Three-dimensional nanofibrous polystyrene scaffolds modify macrophage phenotypes and activate macrophage angiogenic potential

3D scaffolds represent an attractive substrate for studying macrophage activation and modification since they mimic extracellular matrix (ECM). However, macrophage response to such materials, particularly with respect to angiogenic potential is still poorly recognized. Therefore, we investigated the effect of 3D nanofibrous polystyrene scaffolds (NPSs) versus tissue culture polystyrene (TCPS) on THP-1-derived macrophages in various environmental conditions, for example, standard (m0), pro-inflammatory (m1), or anti-inflammatory (m2) with respect to pro-angiogenic potential.
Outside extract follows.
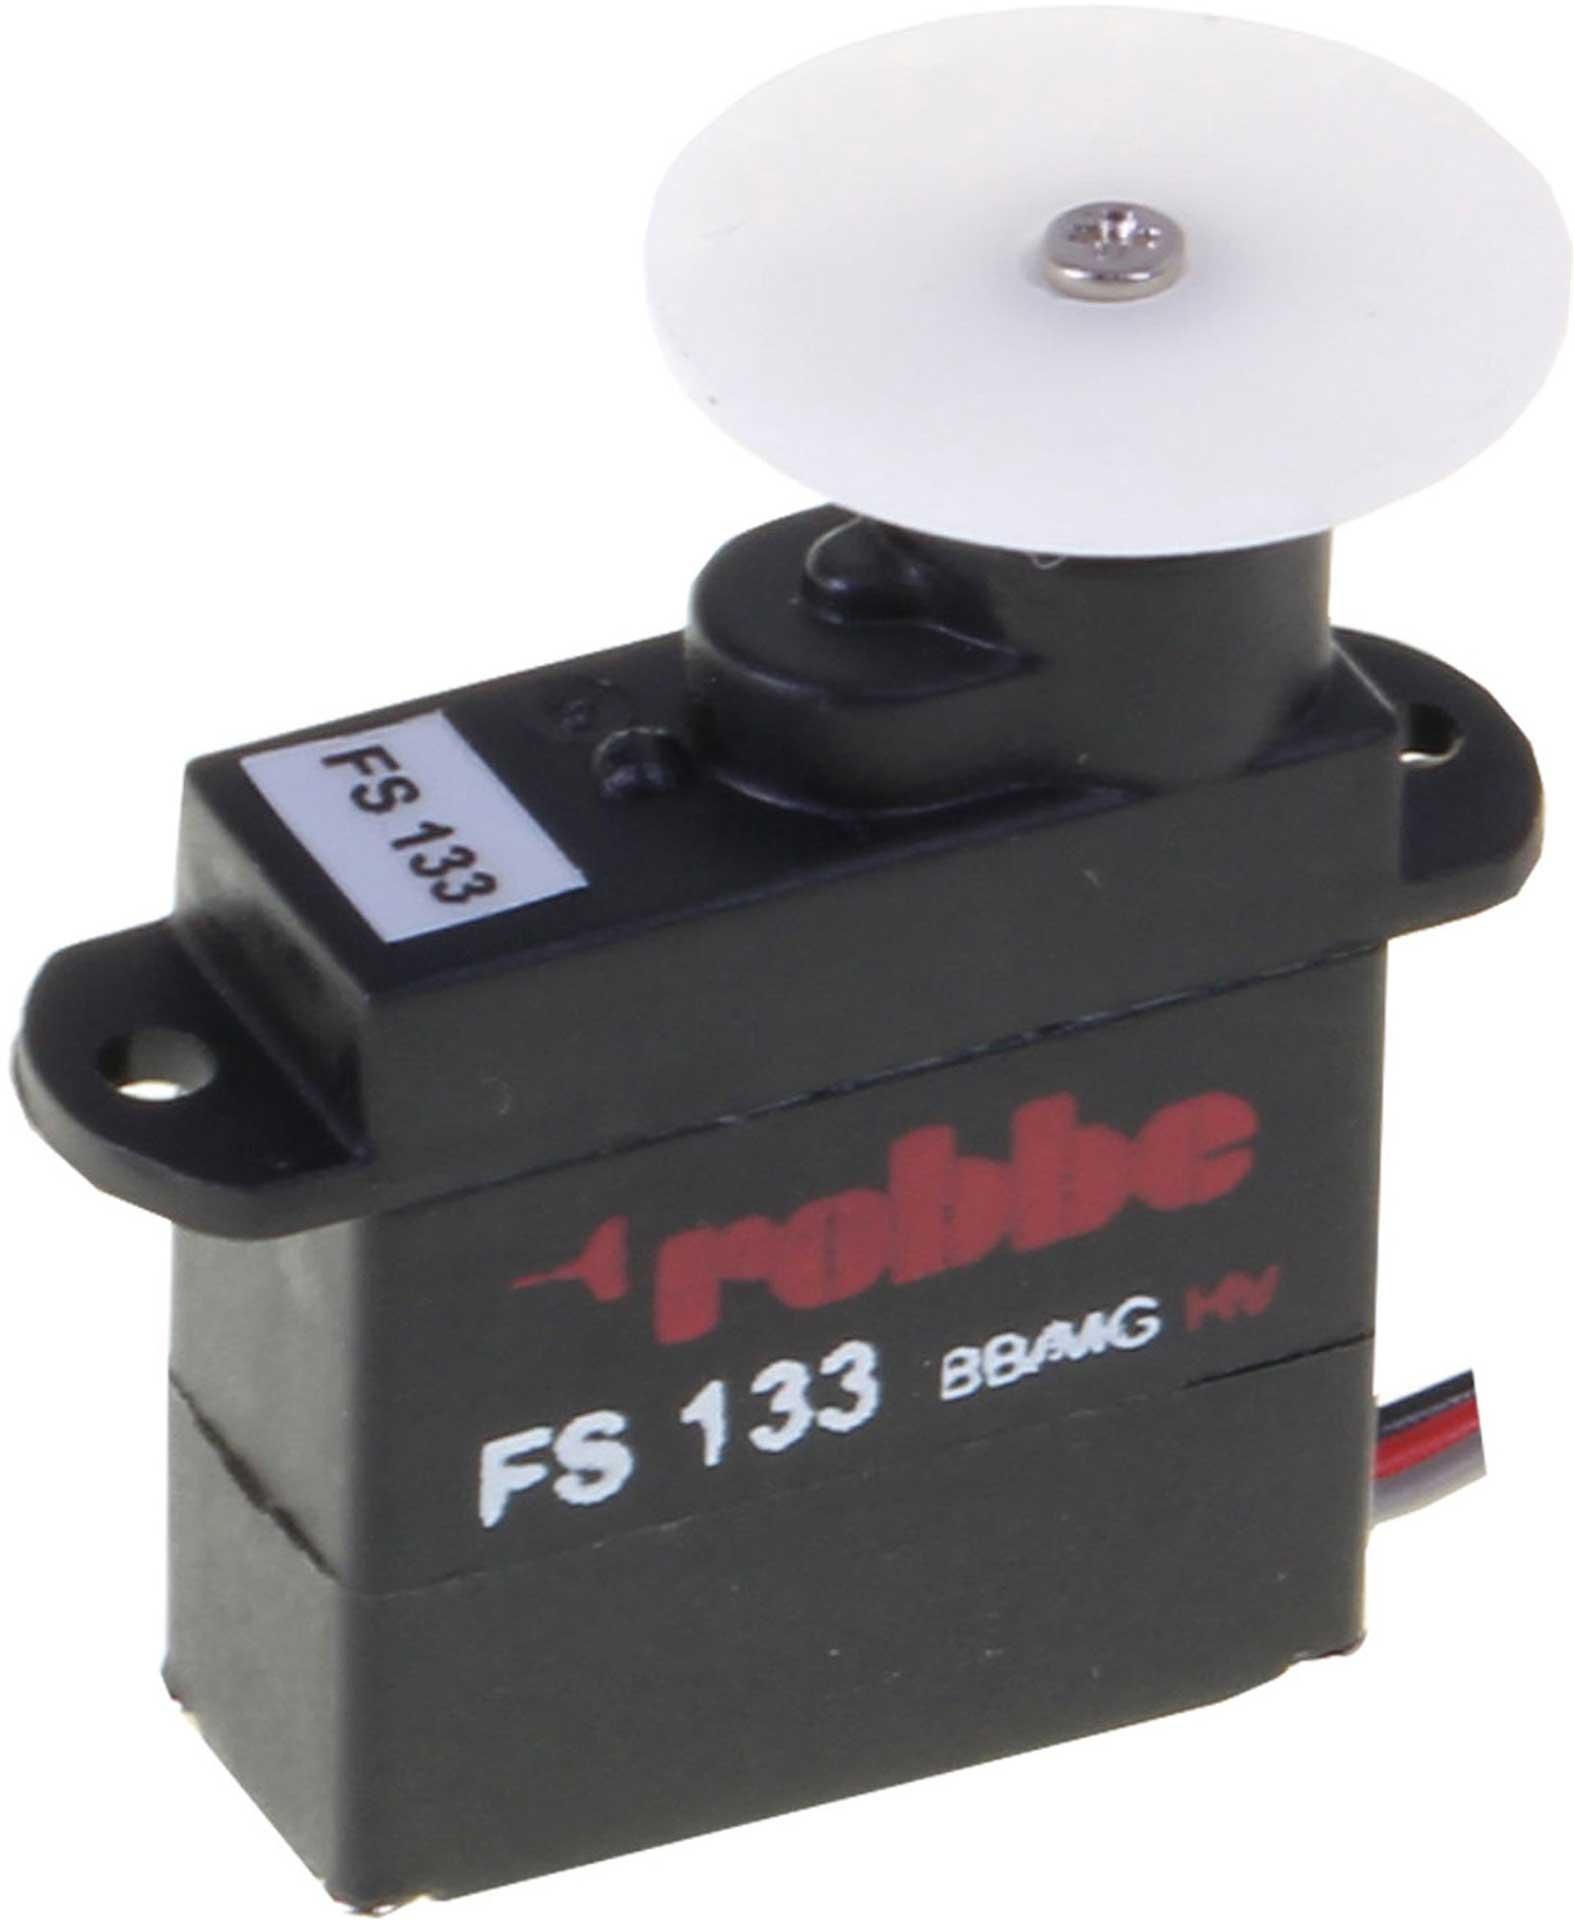 Robbe Modellsport FS 133 BB MG HV DIGITAL SERVO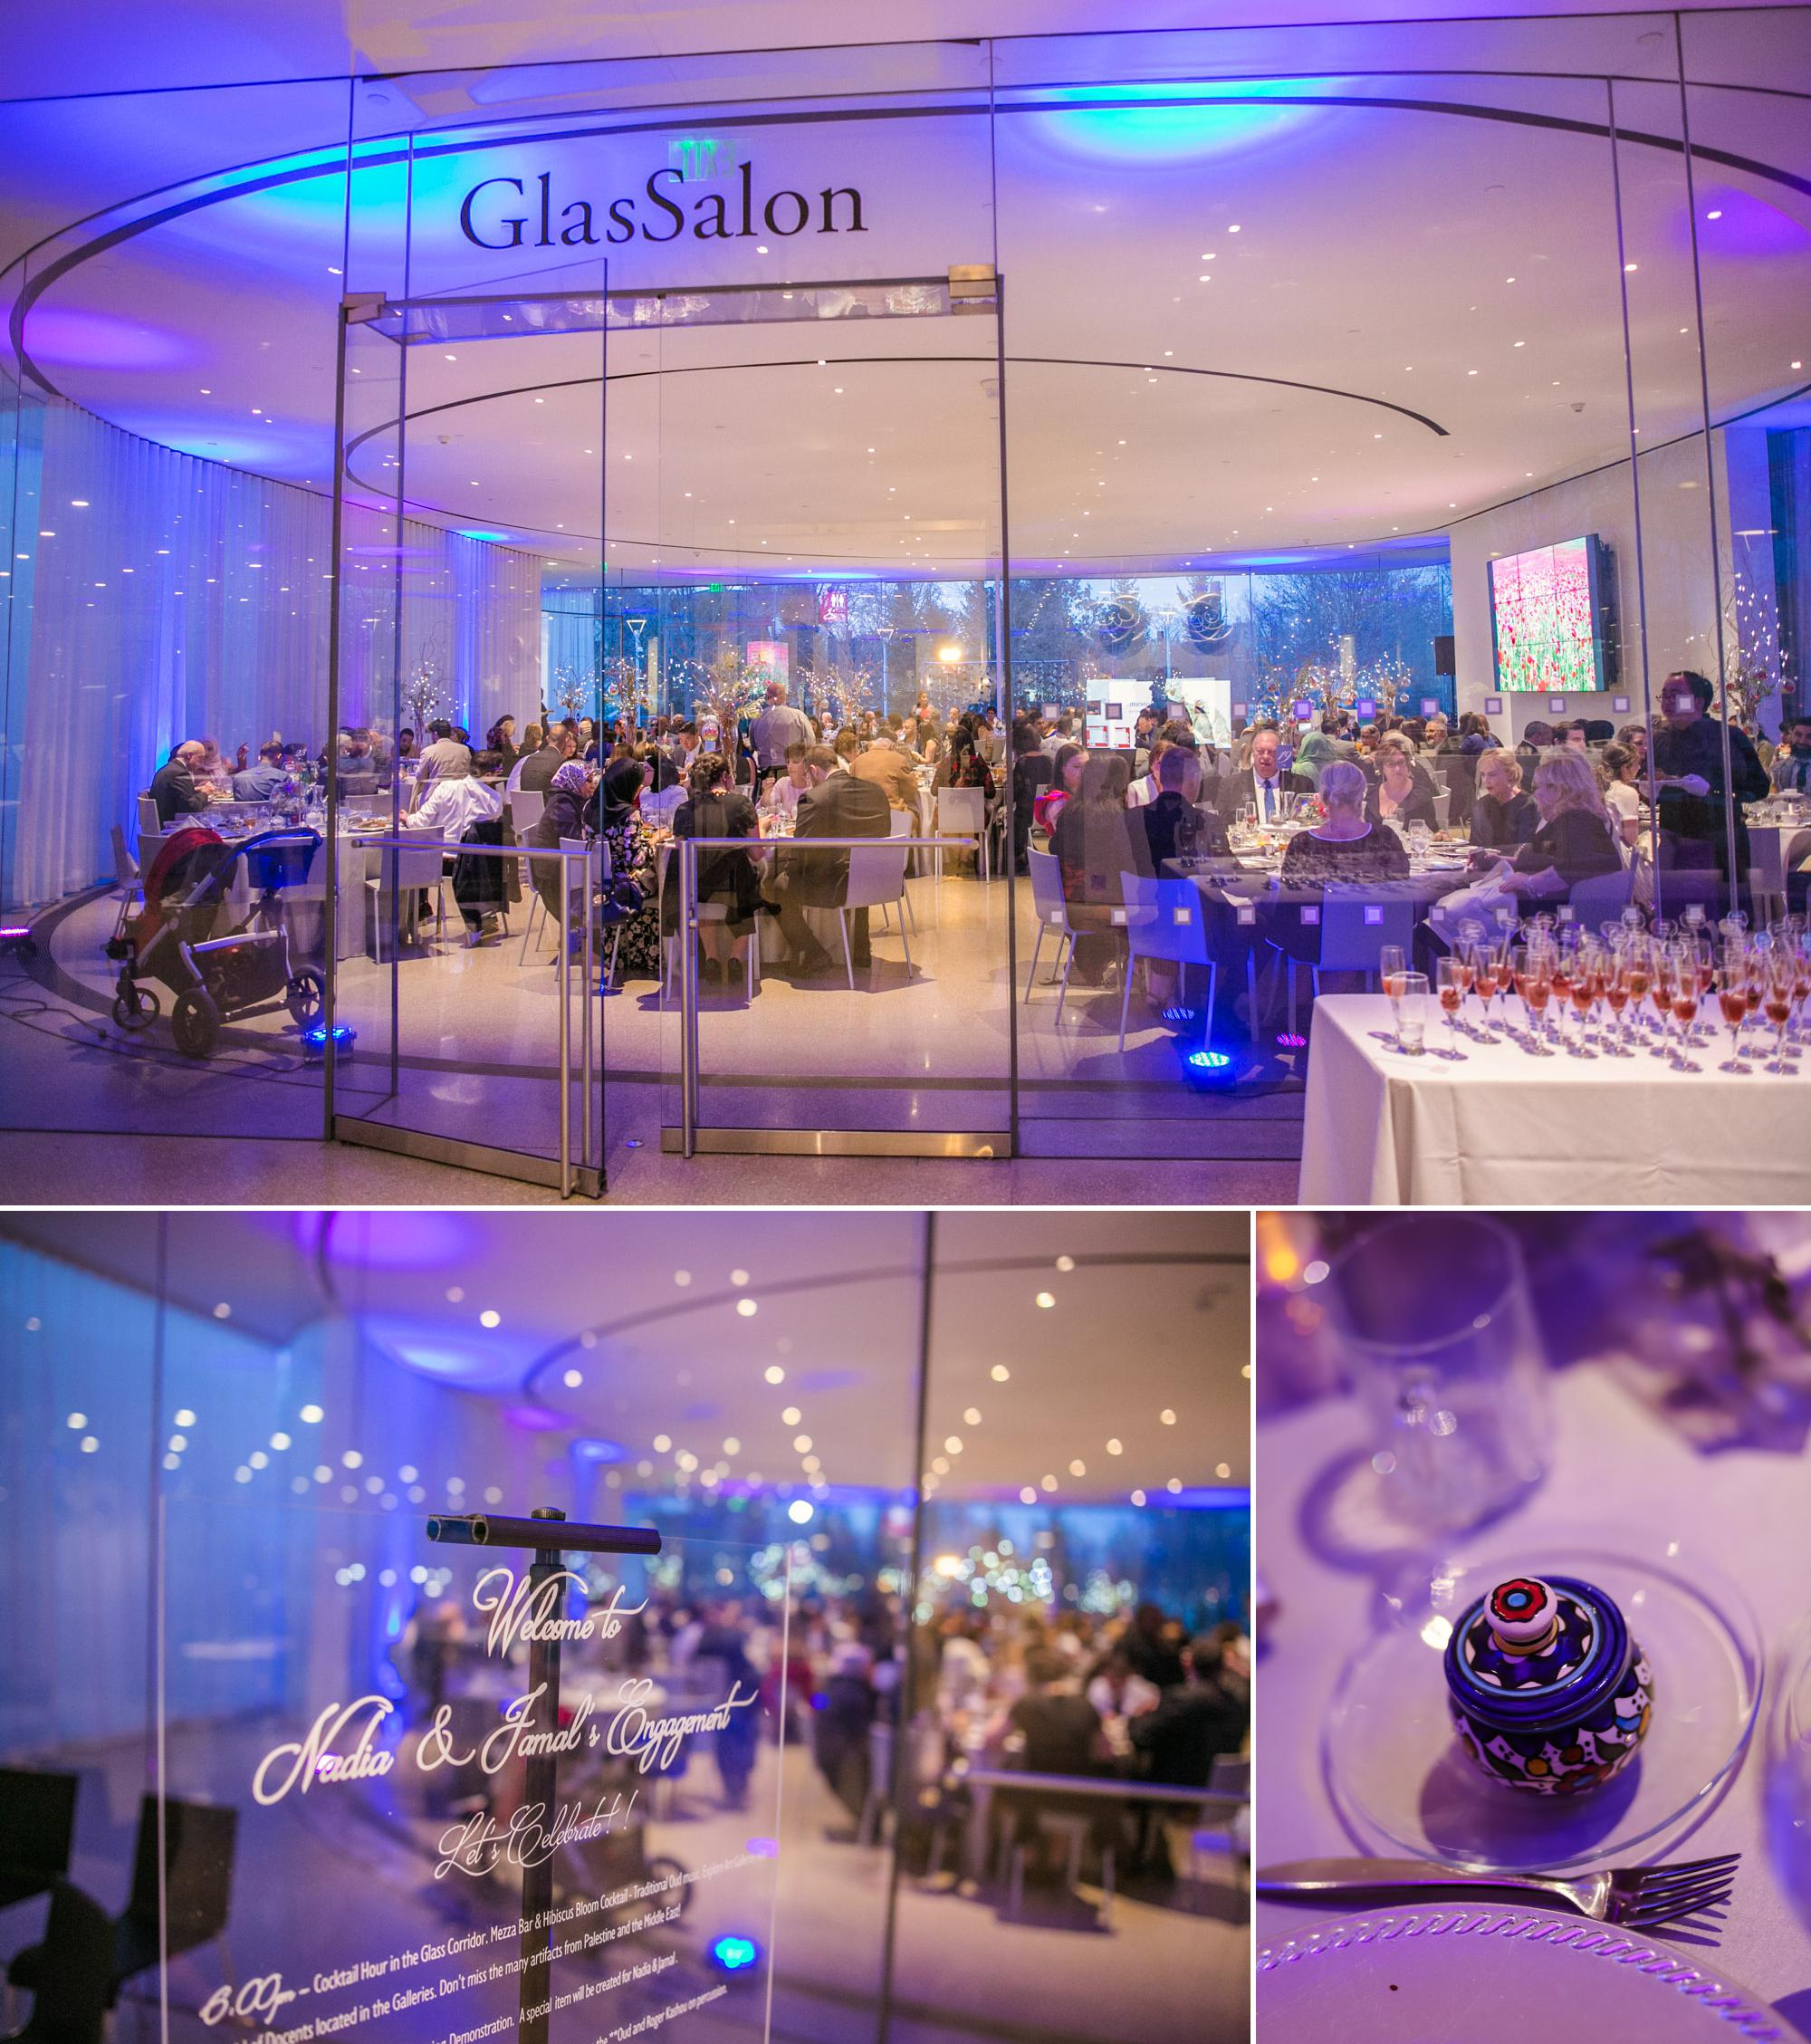 toledo-museum-glass-pavilion-wedding-photos-12.jpg

There were no differences in the expression of TNF-alpha and IL-10 mRNAs and respective proteins in cells cultured on NPSs compared with flat polystyrene (TCPS), however, NPSs induced an increased VEGF production by macrophages cultured in m0 and m1 media. Cells cultured in m1, and m2 conditions secreted elevated amounts of TNF-alpha and IL-10, respectively, irrespective of substrate surface geometry. Each macrophage population contains large, medium, and small cells. Moreover, there were significant differences in the proportion of large to small macrophages depending on the medium composition, that is, in m0, m1, and m2 media these proportions were 1:4, 1:3, and 1:10, respectively. The ultrastructure and the immunoexpression of TNF-alpha and IL-10 were analyzed under a confocal microscope. The results demonstrated differences in cell ultrastructure and suggested that the larger cells were pro-inflammatory macrophages, while the smaller cells were anti-inflammatory macrophages. In conclusion, NPSs activate macrophage pro-angiogenic potential. In addition, an increase in the proportion of pro-inflammatory macrophages relative to anti-inflammatory ones in a given population favors this potential.